SEC Brings Civil Charges In $79M Visa Investment Scheme

SEC Brings Civil Charges In $79M Visa Investment Scheme

EB-5 Visa, EB5 Visa, EB-5 Investment

The U.S. Securities and Exchange Commission brought civil charges Tuesday against a company that took in $79 million from allegedly brokering illegal residency visas through the Immigrant Investor Program.

It charged Boca Raton-based Ireeco LLC and Hong Kong-based Ireeco Ltd. with wrongfully providing 150 people with investments in EB-5 visas, acting in an unregistered capacity from at least January 2010 to May 2012. The program provides visas and paths to citizenship for foreigners who invest at least $500,000 in businesses that create jobs.

The agency says it's the first time that such brokers have been charged.

“The EB-5 program administered by the U.S. Citizenship and Immigration Services (USCIS) provides a path to legal residency for foreigners who invest directly in a U.S. business or private 'regional centers' that promote economic development in specific areas and industries,” the SEC said in a statement.

Ireeco “used their website to solicit EB-5 investors, some of whom were already in the U.S. on a temporary visa. While Ireeco LLC and Ireeco Limited promised to help investors choose the right regional center to invest with, they allegedly directed most EB-5 investors to the same handful of regional centers, ones that paid them commissions of about $35,000 per investor” after USCIS approved green cards, the agency said.

The two entities did not admit to or deny the charges, but agreed to their censure, and agreed to desist from the behavior.

Even though it never registered as a broker-dealer, the SEC says, Ireeco was “paid fees for actively soliciting over 158 foreign investors for selected regional centers … invest[ing] a combined total of $79 million.”
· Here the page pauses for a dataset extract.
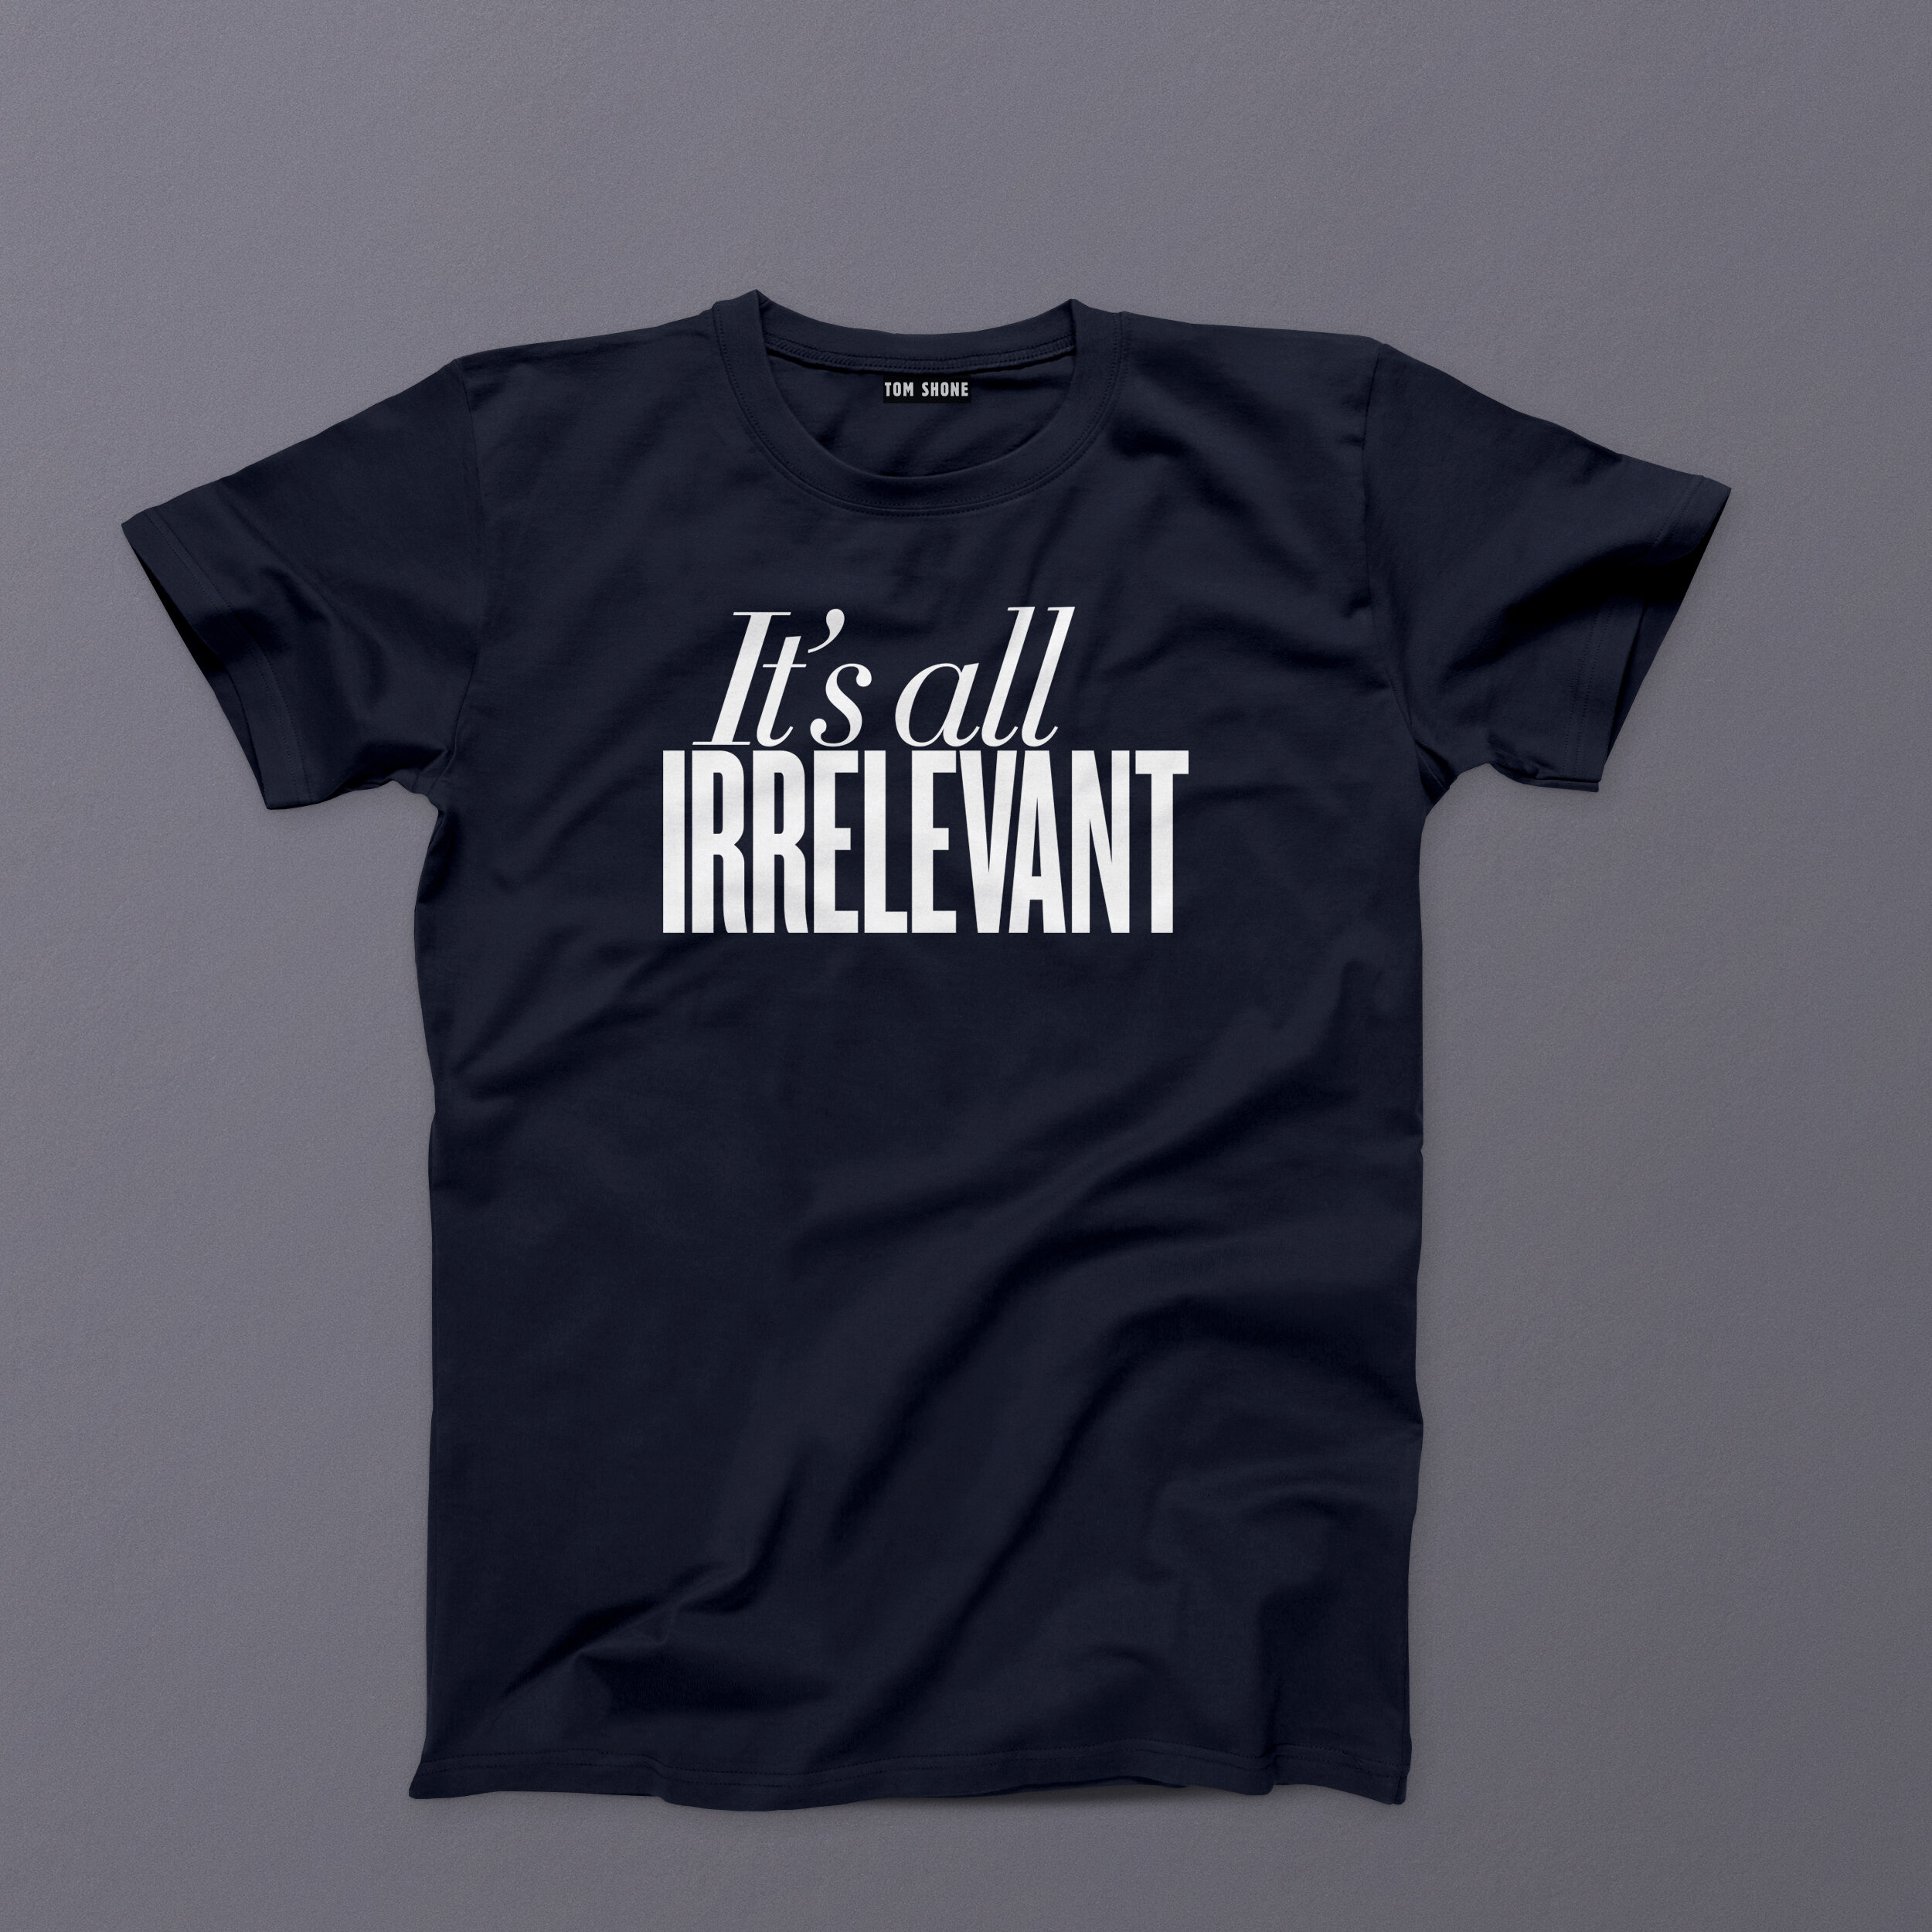 "It's all irrelevant" T-shirt

Meanwhile, in another recent case, the Fifth Circuit denied a petition for writ of mandamus by a man held in civil contempt for failing to comply with an asset turnover order after the SEC sued him for securities fraud in connection with his EB-5 regional center.
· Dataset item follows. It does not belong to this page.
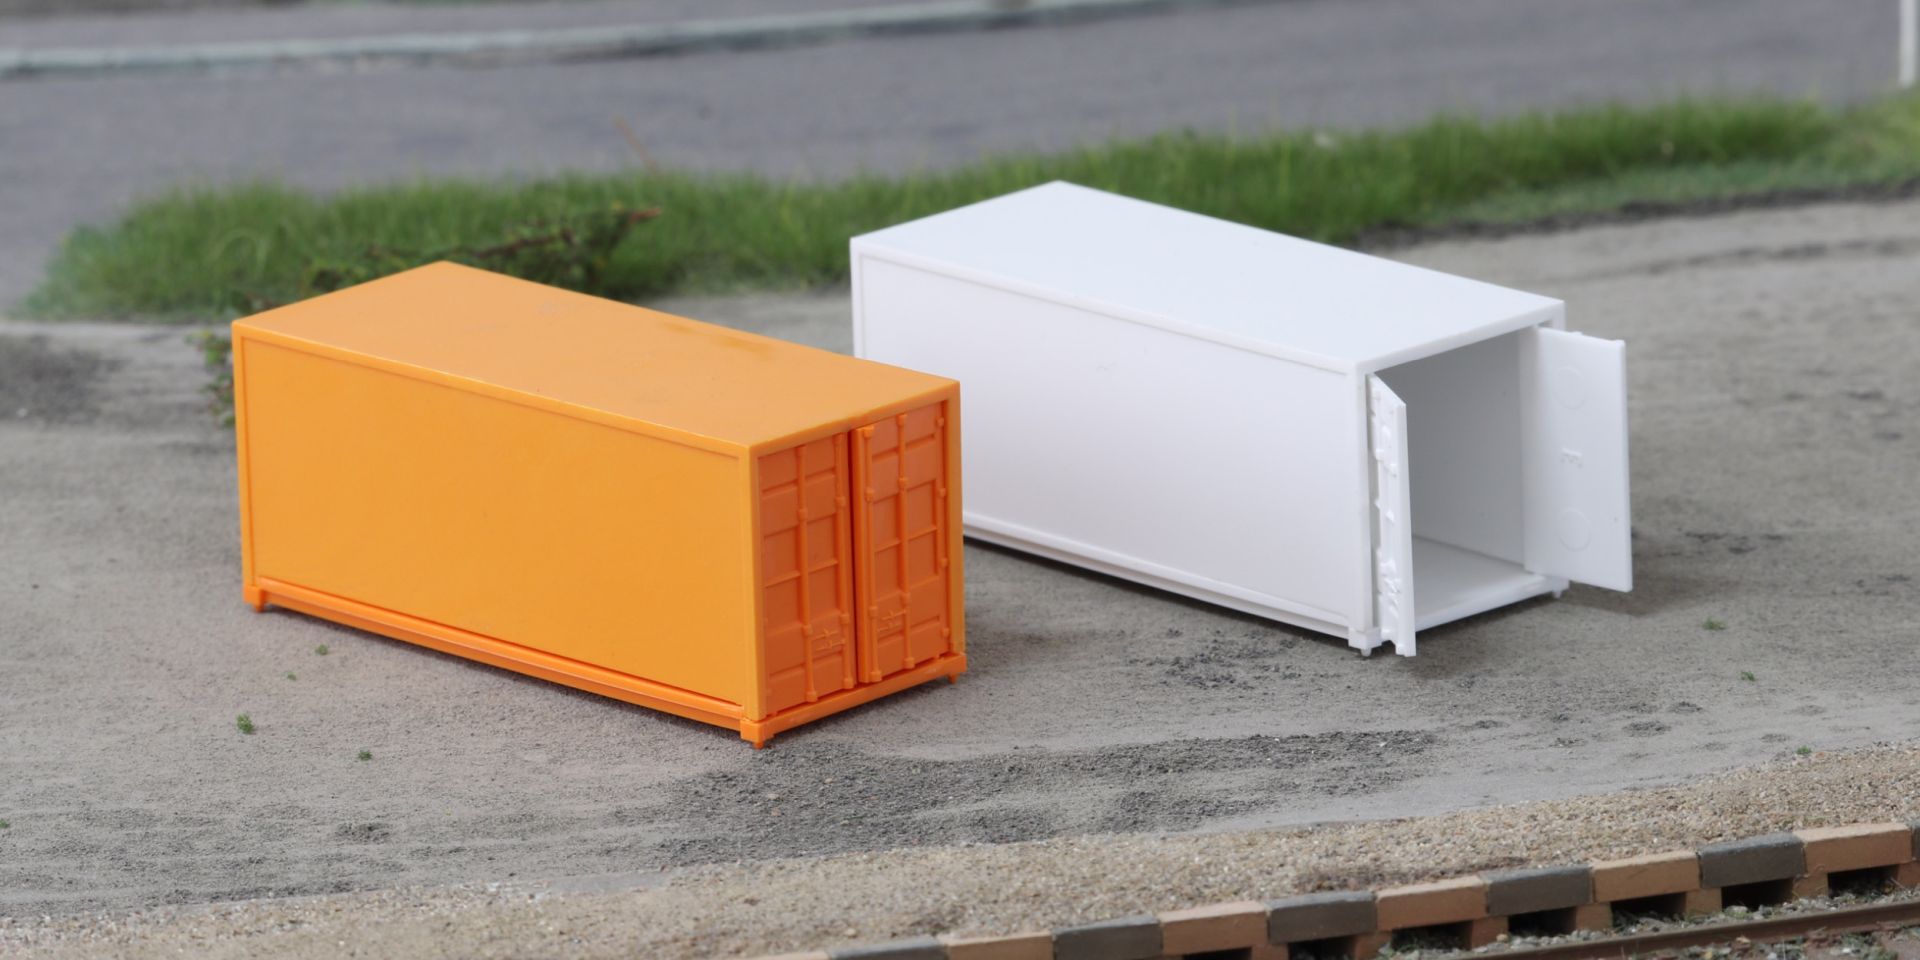 igra 66818213 - 2er Set Container glatt, weiß-orange

The three-judge panel said that the district court’s decision to issue the turnover order for Marco Ramirez — who ran the company USA Now, a regional center for the EB-5 program, is supported by clear and convincing evidence.
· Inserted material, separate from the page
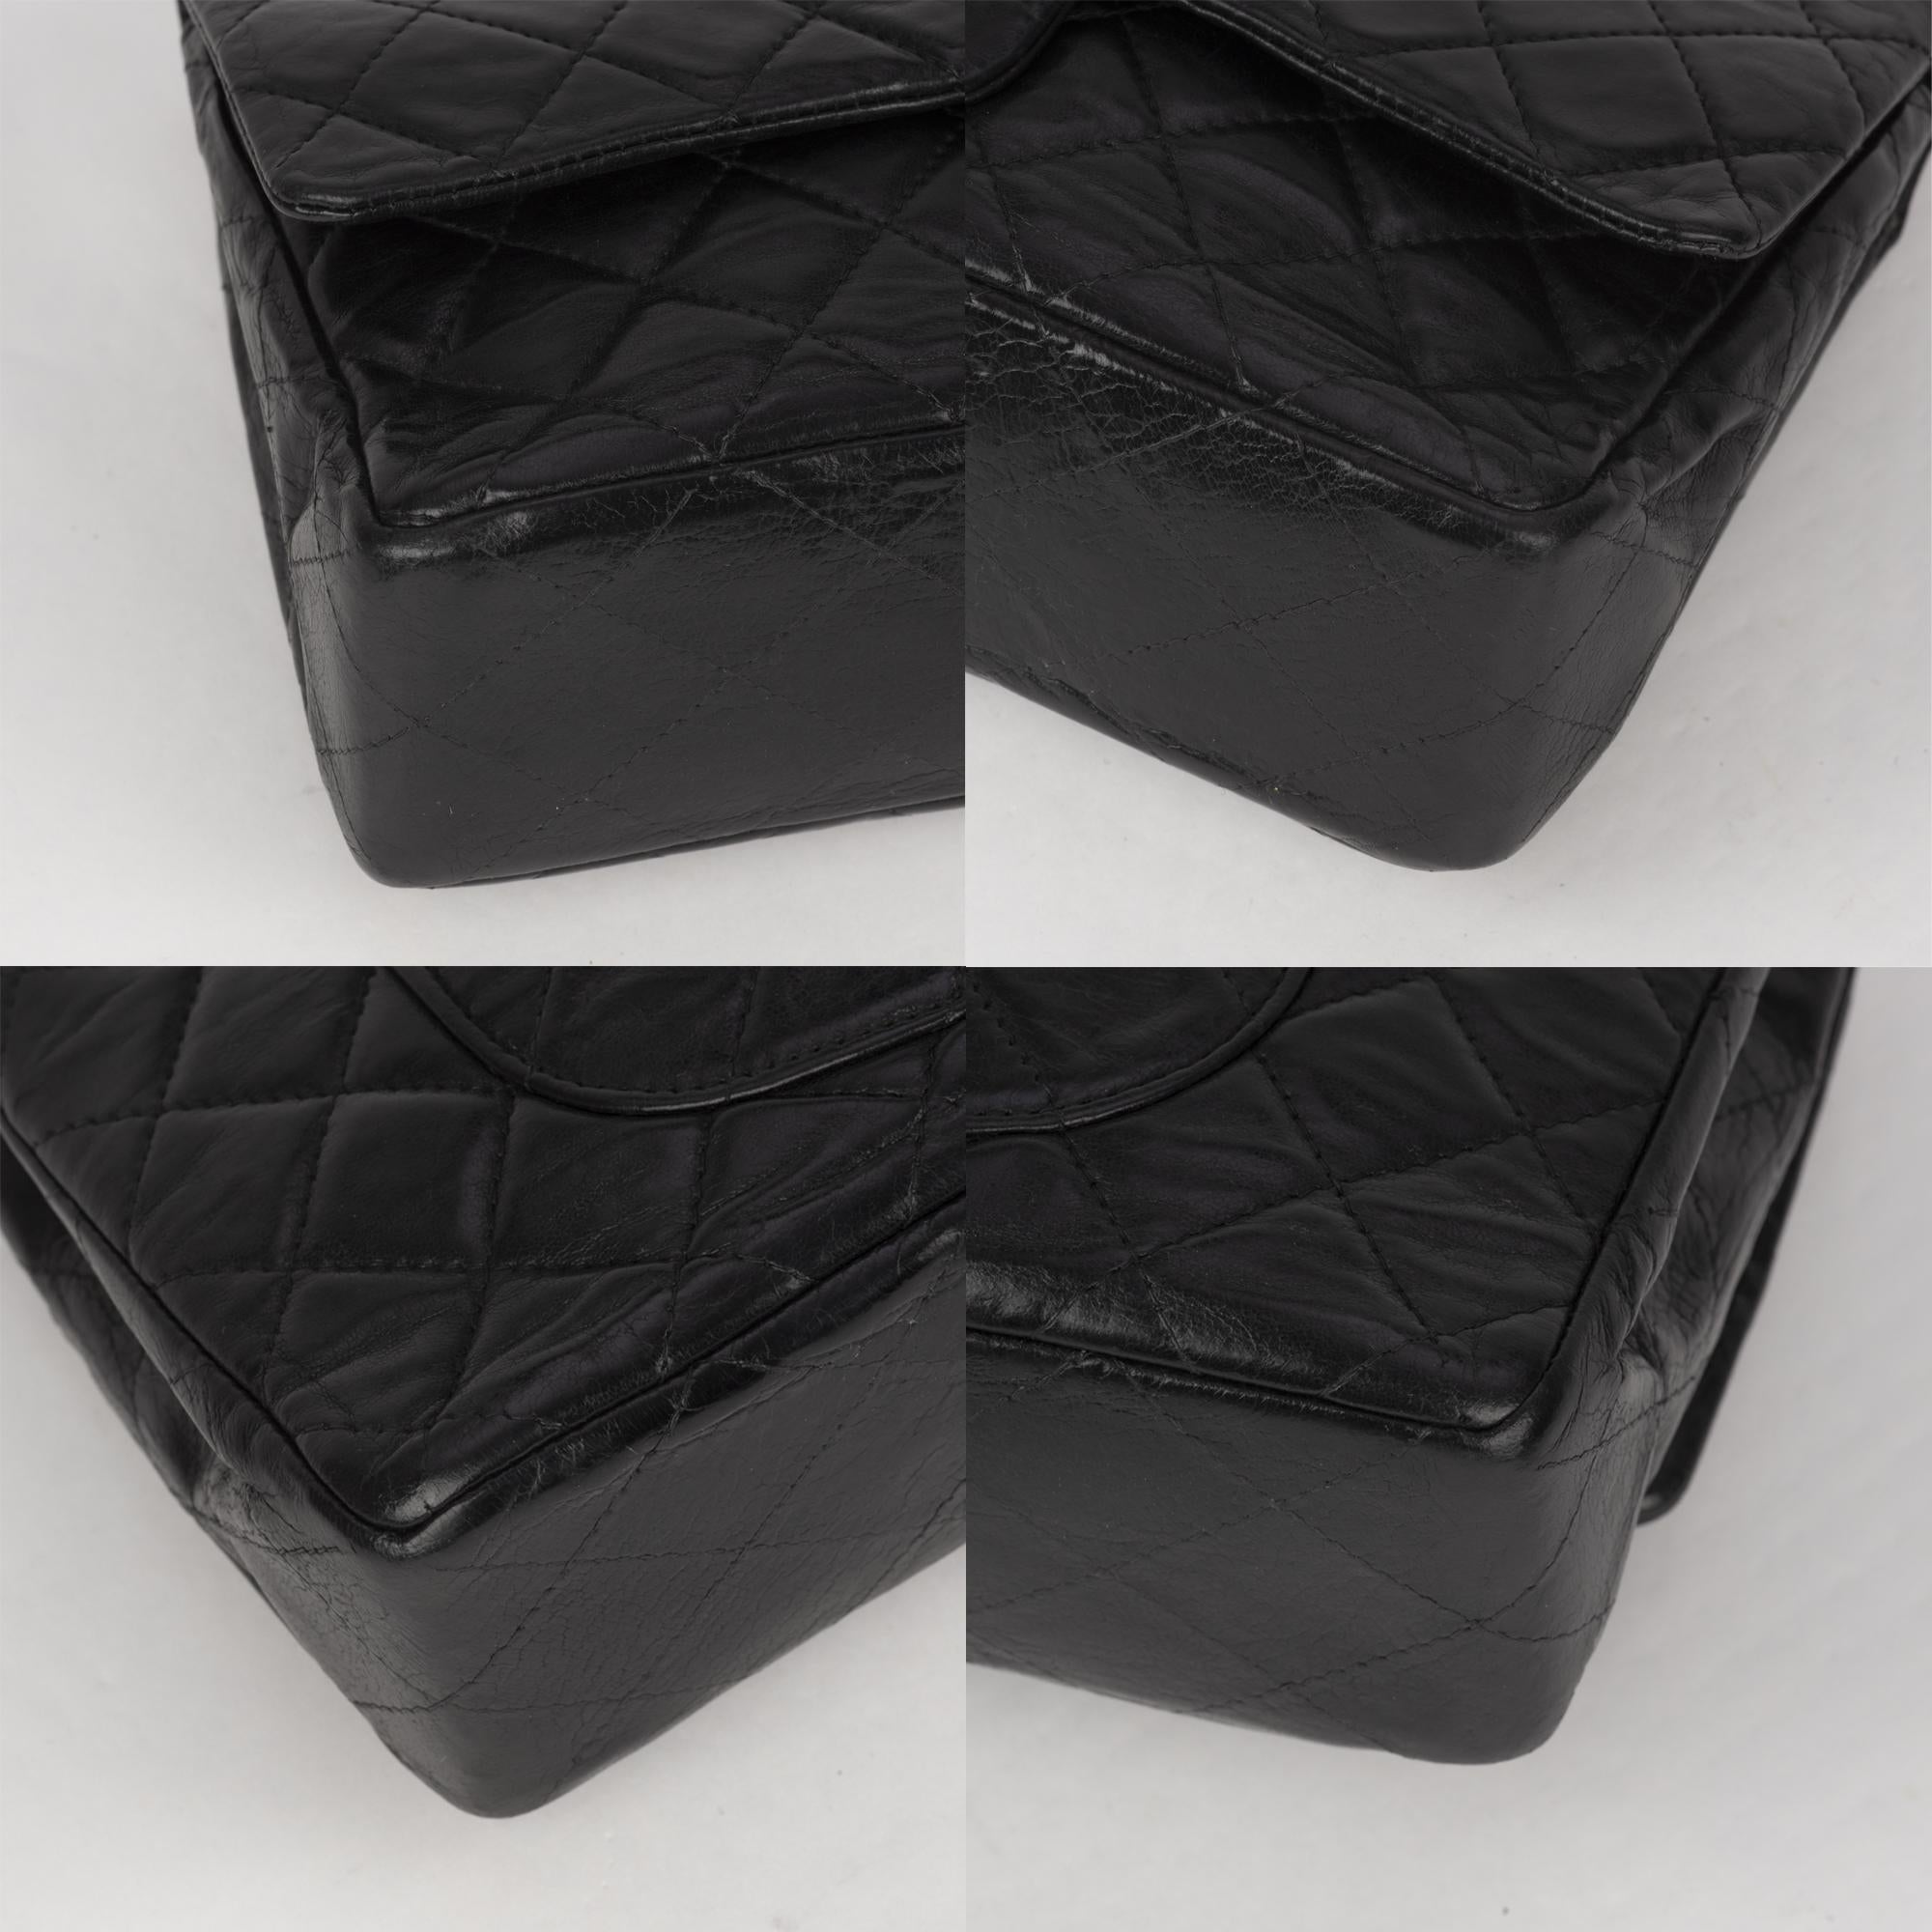 Handbag Chanel 2.55 in Black lambskin Leather ! 2

Ramirez allegedly used the business to solicit money from potential candidates and promised to hold the investments in escrow until the visas were approved, but allegedly spent the money or transferred it to his other businesses.

The district court had granted the SEC’s bid for a receivership order, which required Ramirez to provide an accounting and turn over all of his assets to a receiver. When the receiver’s accountant discovered that Ramirez issued a $500,000 refund check to an investor even though there was no record of the investor’s deposit, the district court filed the turnover order requiring him to return the $500,000 to the receiver because it was part of the estate.

The SEC is represented by Brian Theophilus James.

The Ireecos are represented by Barton Sacher and Joseph Sacher of Sacher Zelman Hartman Paul Beiley & Sacher.

The case is In the Matter of Ireeco LLC and Ireeco Ltd., administrative proceeding 3-16647, in the U.S. Securities and Exchange Commission.